В конце первой шеренги Гейдрих неожиданно остановился и решительно направился к парадному входу в Град. Тех, кто стоял во второй шеренге, он не удостоил даже взглядом. Чешское правительство? А что им, собственно, здесь надо? Кому это пришло в голову ставить их на одну доску с немцами из рейха? Нет, с этими пережитками дипломатических церемоний, которые терпел Нейрат, пора кончать. Чешские министры могут появляться только тогда, когда я их позову. Я им покажу, как греть руки и у камелька в Берлине и у камина на Даунинг-стрит. Я отобью у этих господ охоту сидеть сразу на двух стульях!
Но и это официальное сообщение, переданное протекторатным радио после обеда, не было в этот день последним.
Время Гейдриха — время взведенных курков.
— Обергруппенфюрер, ваш приказ выполнен! — рапортует один из адъютантов, прихваченных шефом с собой.
Гейдрих берет две фонограммы, присланные ему несколько минут назад из Праги и Брно. Гейдриху кажется, что он у себя дома. И так было повсюду: и в Амстердаме, и в Осло, и на Вильгельмштрассе в Берлине, и вот теперь, в этом кабинете, в южном крыле Пражского Града.
— Вилли!
— Да, господин обергруппенфюрер! — вскакивает и становится навытяжку адъютант-шифровальщик, молодой эсэсовский лейтенант.

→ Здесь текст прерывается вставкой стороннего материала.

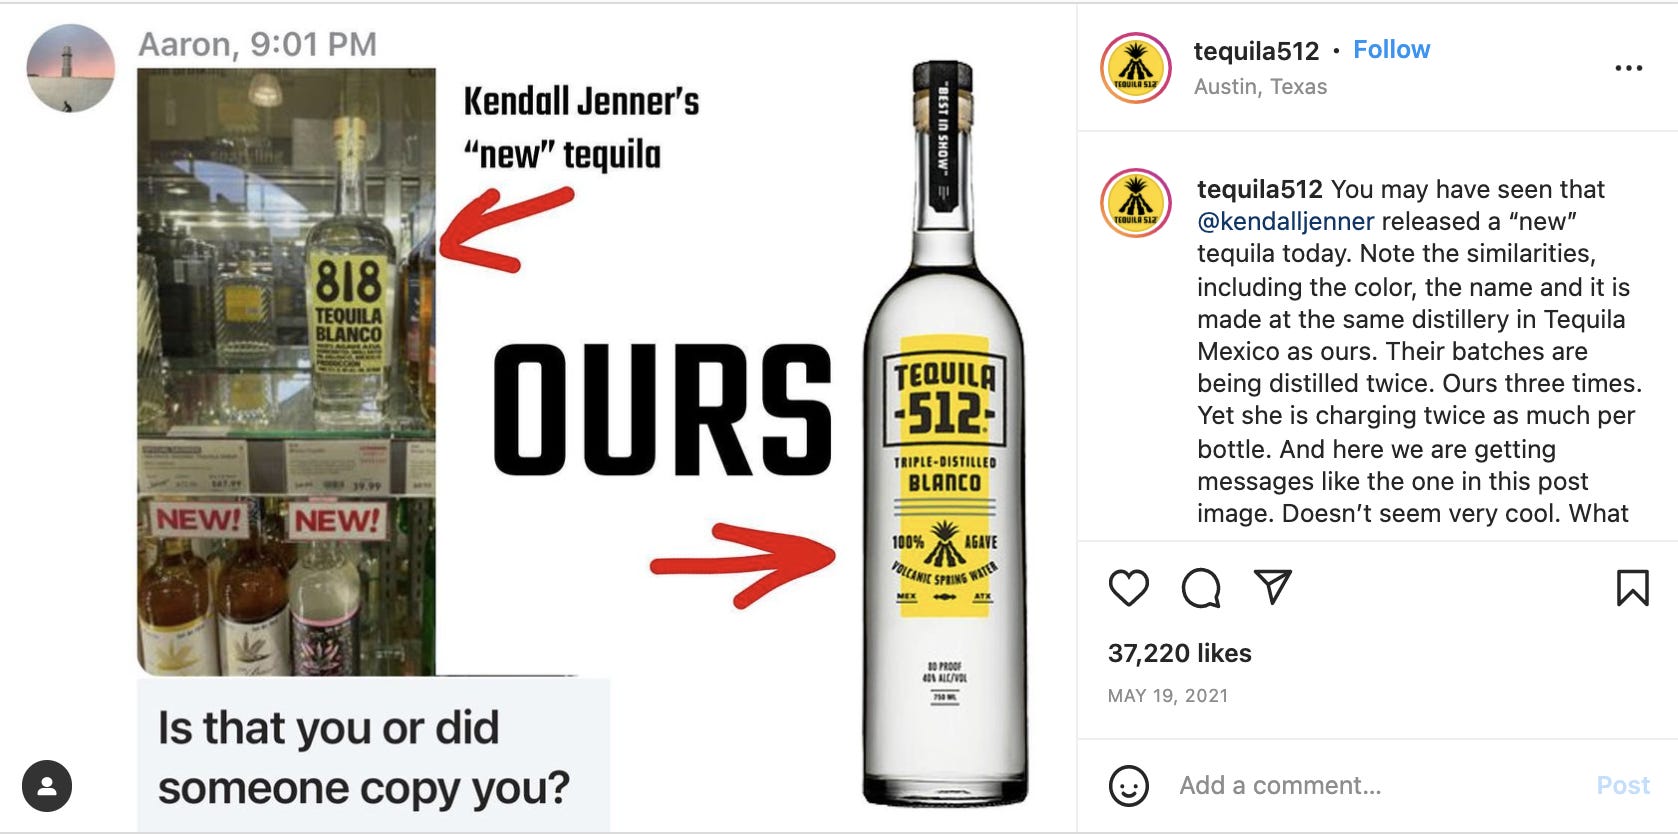 Ein Screenshot zeigt einen von Tequila 512 geteilten Instagram-Post, der offensichtliche Ähnlichkeiten zwischen seiner Flasche und der Marke 818 Tequila von Kendall Jenner zeigt.

Новый протектор прохаживается по великолепному паркету зала. Он диктует спешное сообщение.
— Секретно. Господину управляющему имперской канцелярией Борману. Главная ставка фюрера.
Минута размышлений, скорее по привычке. Ведь то, что должно быть передано по прямому проводу из Праги в зашифрованном виде далеко на северо-восток Европы, не только продумано, но уже выполнено.